Lawrence Glazer v. Chase Home Finance, LLC | U.S. Court of Appeals for the Sixth Circuit – Foreclosures Are Debt Collections Under FDCPA

UNITED STATES COURT OF APPEALS
FOR THE SIXTH CIRCUIT
_________________
LAWRENCE R. GLAZER,
Plaintiff-Appellant,

v.

CHASE HOME FINANCE LLC; CINDY A.
SMITH; REIMER, ARNOVITZ, CHERNEK &
JEFFREY CO., L.P.A.; RONALD CHERNEK;
and DARRYL E. GORMLEY,
Defendants-Appellees.

No. 10-3416
Appeal from the United States District Court
for the Northern District of Ohio at Cleveland.
No. 09-01262—Christopher A. Boyko, District Judge.
Argued: March 8, 2012
Decided and Filed: January 14, 2013
Before: GRIFFIN and KETHLEDGE, Circuit Judges; and THAPAR, District Judge.*

_________________
OPINION
_________________
GRIFFIN, Circuit Judge. This action involves claims under the Fair Debt
Collection Practices Act (“FDCPA” or the “Act”), 15 U.S.C. § 1692, and Ohio law that
plaintiff Lawrence Glazer asserts against a mortgage servicing company and the lawyers
it hired to foreclose on property Glazer inherited. The district court dismissed the
federal claims under Federal Rule of Civil Procedure 12(b)(6) and declined to exercise
jurisdiction over the state-law claims. For the reasons that follow, we affirm in part and
reverse in part. In doing so, we hold that mortgage foreclosure is debt collection under
the Act.

I.
In August 2003, non-party Charles Klie purchased property in Upper Arlington,
Ohio. He obtained financing for the purchase from non-party Coldwell Banker
Mortgage Corporation (“Coldwell Banker”) and gave Coldwell Banker a mortgage on
the property. Coldwell Banker promptly assigned its ownership rights in Klie’s note and
mortgage to the Federal National Mortgage Corporation (“Fannie Mae”) but continued
to service the loan. For reasons unknown, this assignment was never publicly recorded.
Four years later, in October 2007, Coldwell Banker transferred its servicing
rights to non-party JP Morgan Chase Bank (“JP Morgan”). This transaction did not
transfer any ownership rights in the note and mortgage (Coldwell Banker had none to
give). But in order to sell its servicing rights, Coldwell Banker had to assign whatever
rights it had in the note and mortgage (which were none) to JP Morgan, who then
reassigned the rights to Fannie Mae. On November 1, 2007, defendant Chase Home
Finance LLC (“Chase”), an arm of JP Morgan, obtained servicing rights to the Klie loan,
which was current at the time. Chase began to service the loan and accepted timely
payments for November and December of 2007 and January of 2008.

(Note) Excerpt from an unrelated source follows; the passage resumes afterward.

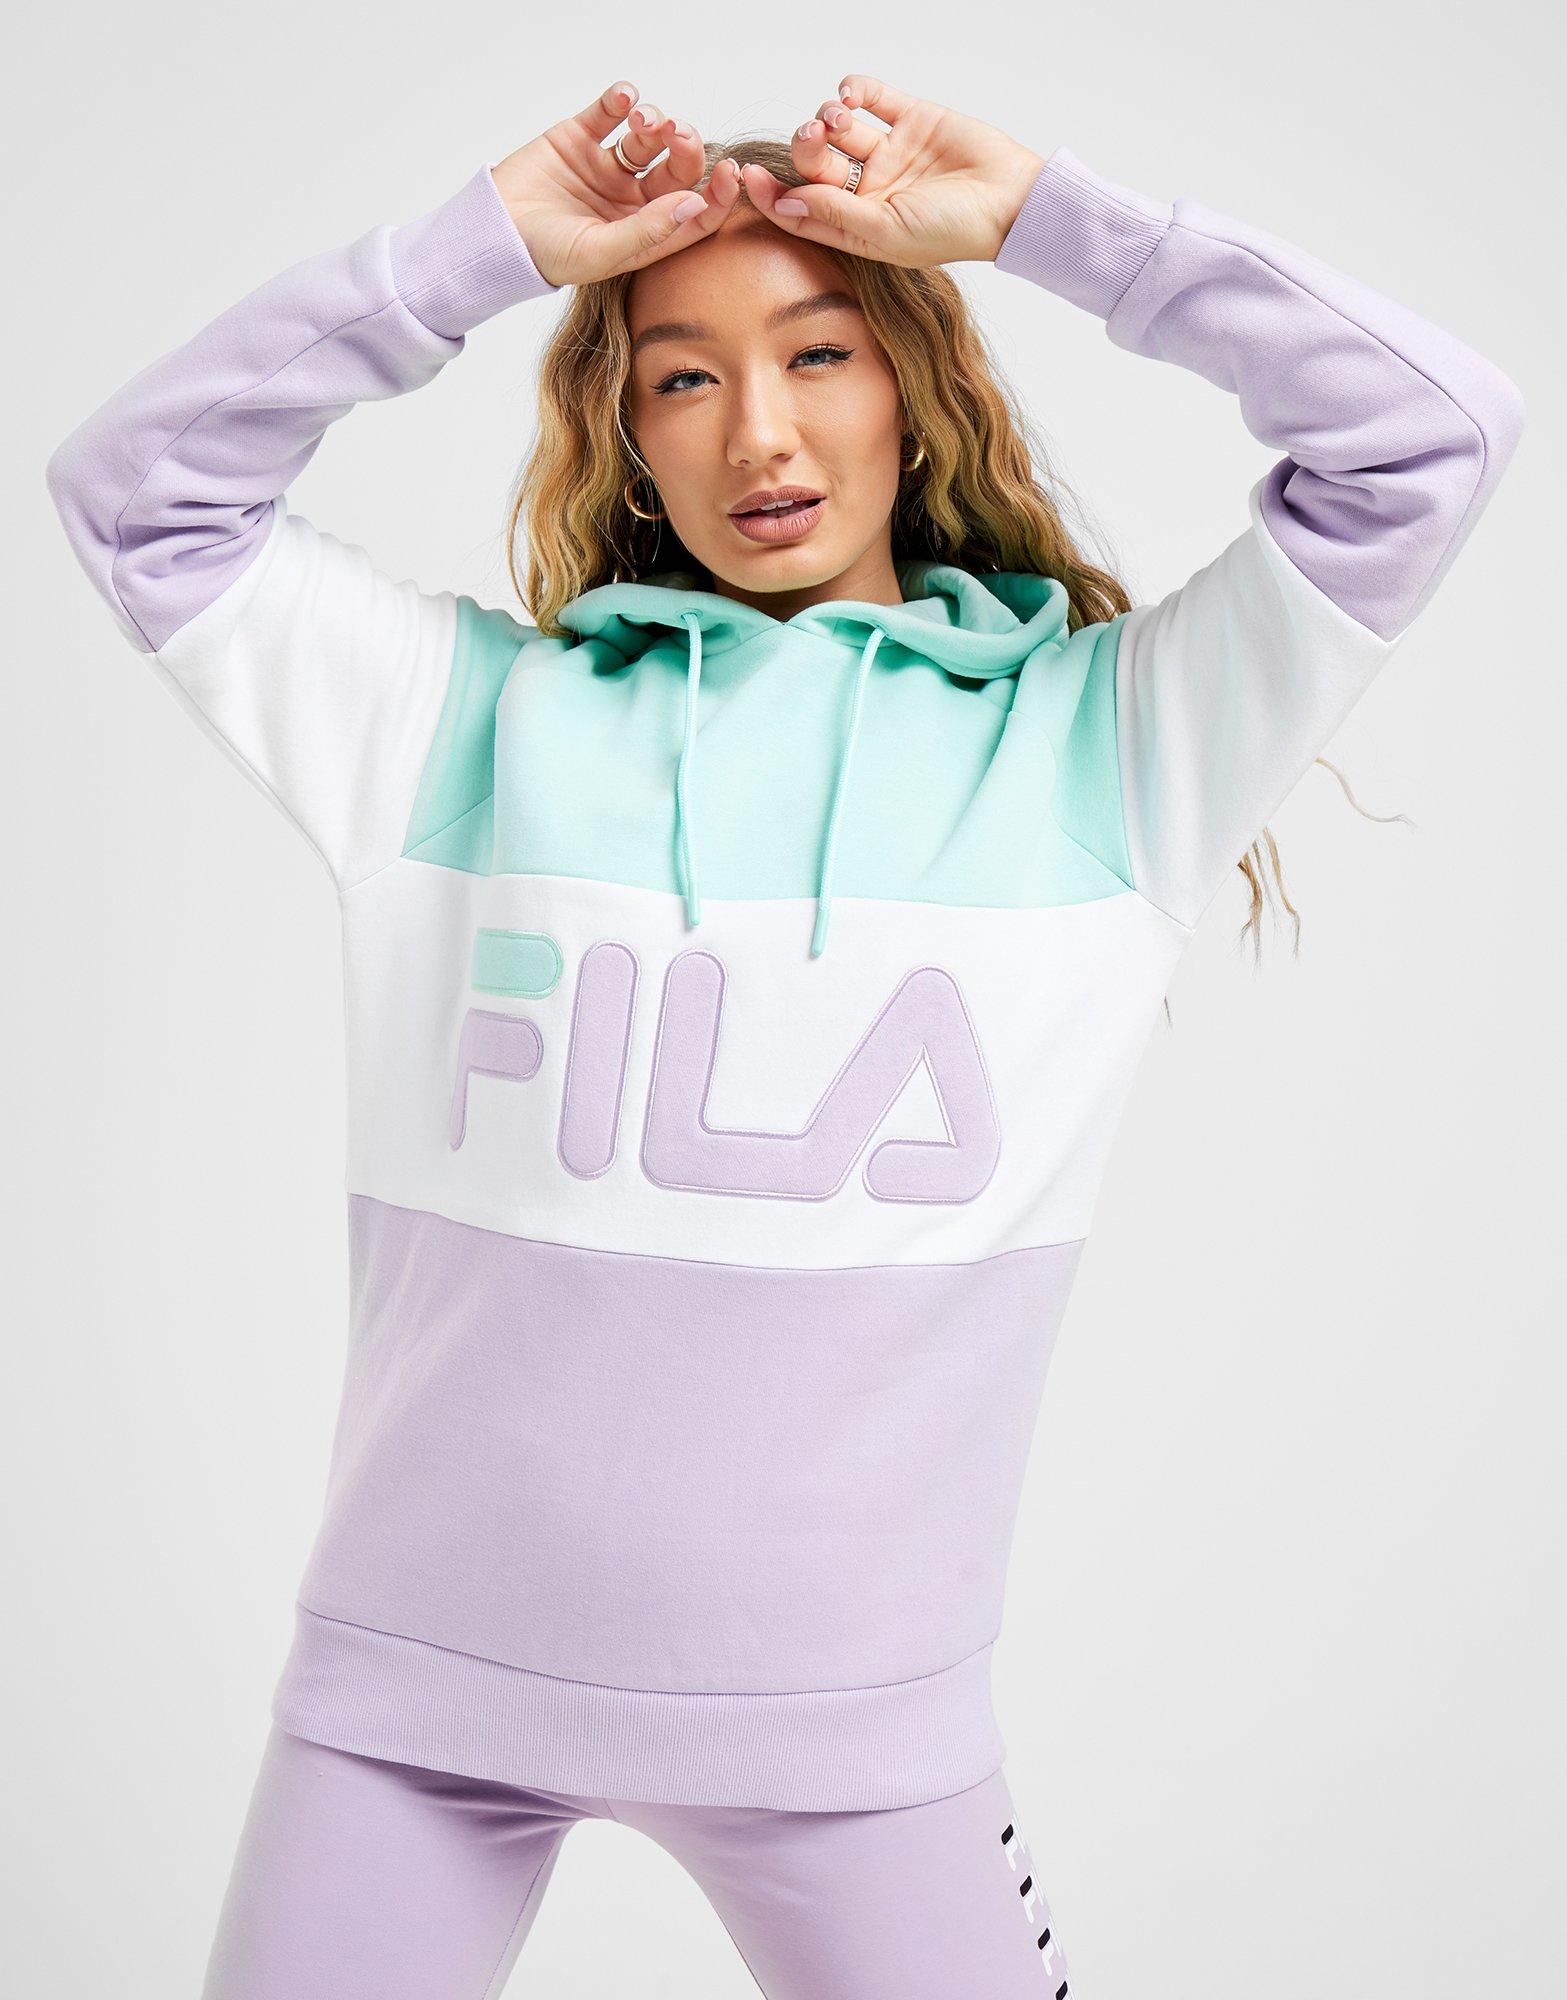 fila colour block sweatshirt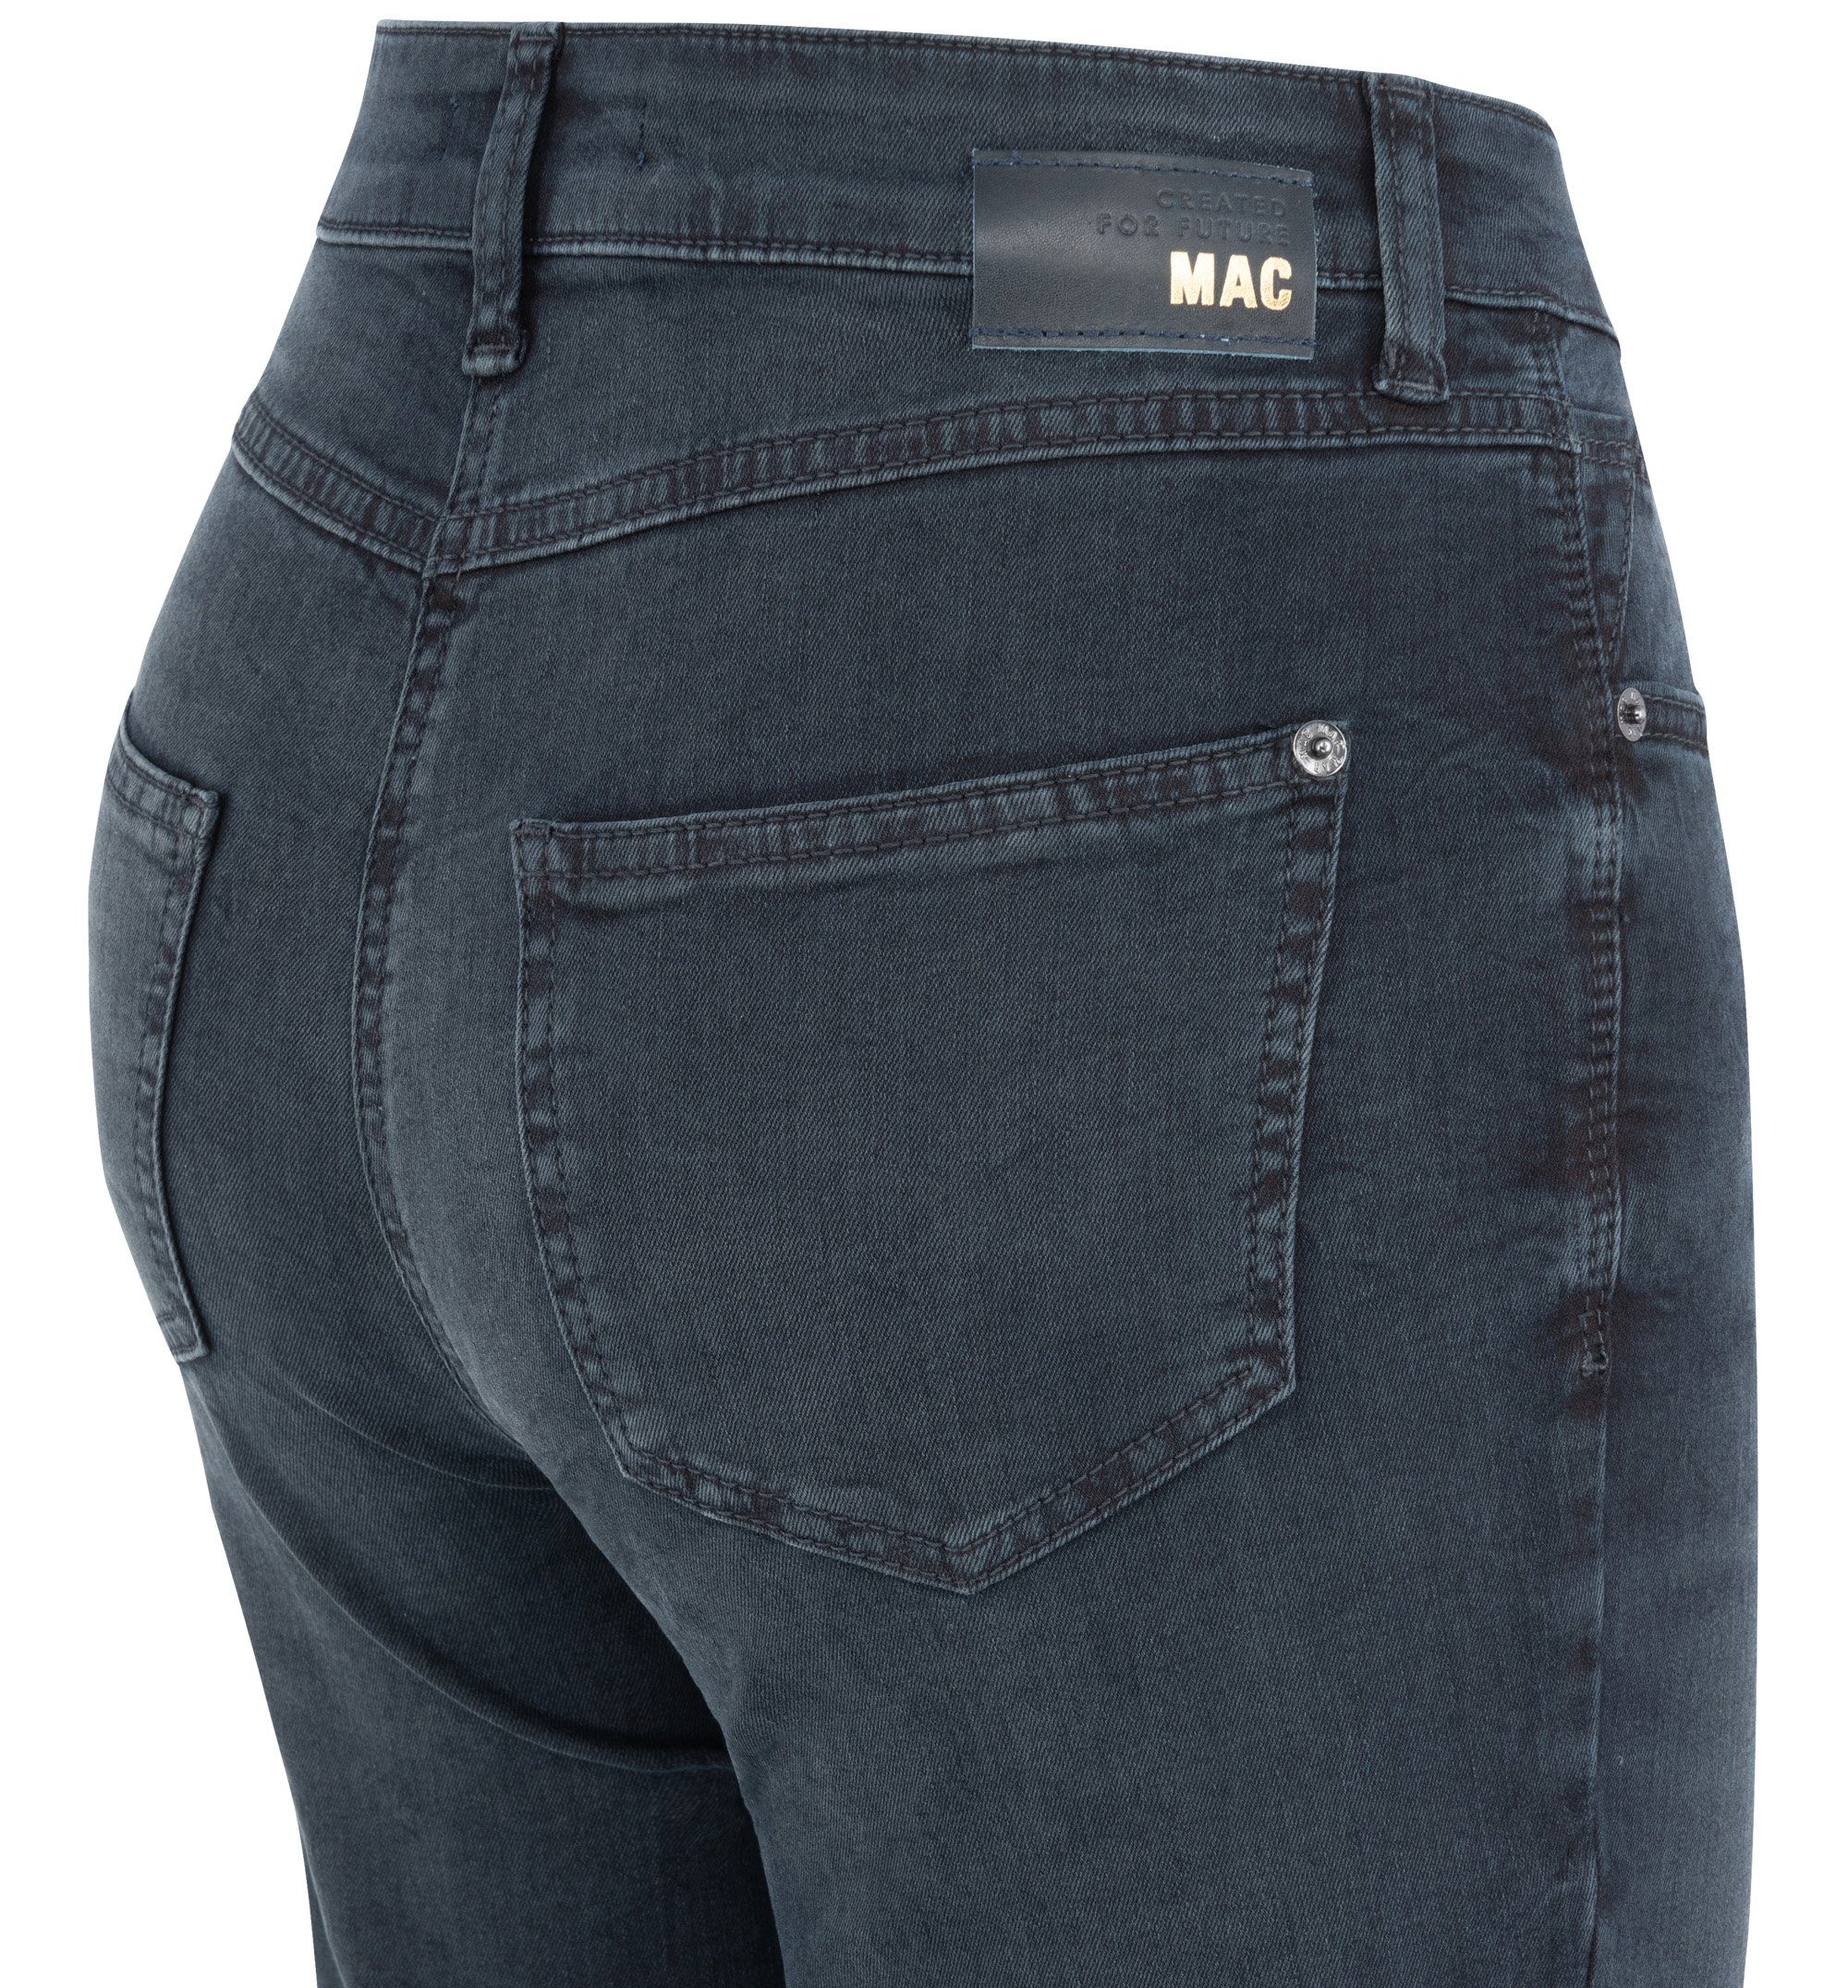 MAC Stretch-Jeans MAC MELANIE dark D899 5040-90-0380 blue night

Klie died on January 31, 2008. By the middle of May 2008, the loan was in
default. Chase hired defendant Reimer, Arnovitz, Chernek & Jeffrey Co., LPA, and two
of its attorneys (“RACJ”) to foreclose on the Klie property. On June 2, 2008, RACJ
prepared an assignment of the note and mortgage on behalf of JP Morgan that purported
to “sell, convey and transfer all rights and interests in the Klie promissory note and the
mortgage . . . to Chase” in order to establish Chase’s right to foreclose. According to
Glazer, the assignment transferred absolutely no rights because Fannie Mae still owned
the note and mortgage by virtue of Coldwell Banker’s assignment shortly after
origination.1

In June 2008, RACJ filed a foreclosure action on Chase’s behalf in state court,
alleging that Chase held and owned the Klie promissory note and that the original note
had been lost or destroyed. According to Glazer, Chase and RACJ fraudulently
concealed the fact that Fannie Mae owned the loan, and that the original note was not
lost or destroyed and was being held by a custodian for Fannie Mae’s benefit. The
complaint named plaintiff Lawrence Glazer as someone possibly having an interest in
the Klie property, and RACJ served Glazer with process. Glazer answered and asserted
defenses. He also notified RACJ that he disputed the debt and requested verification.
RACJ refused to verify the amount of the debt or its true owner.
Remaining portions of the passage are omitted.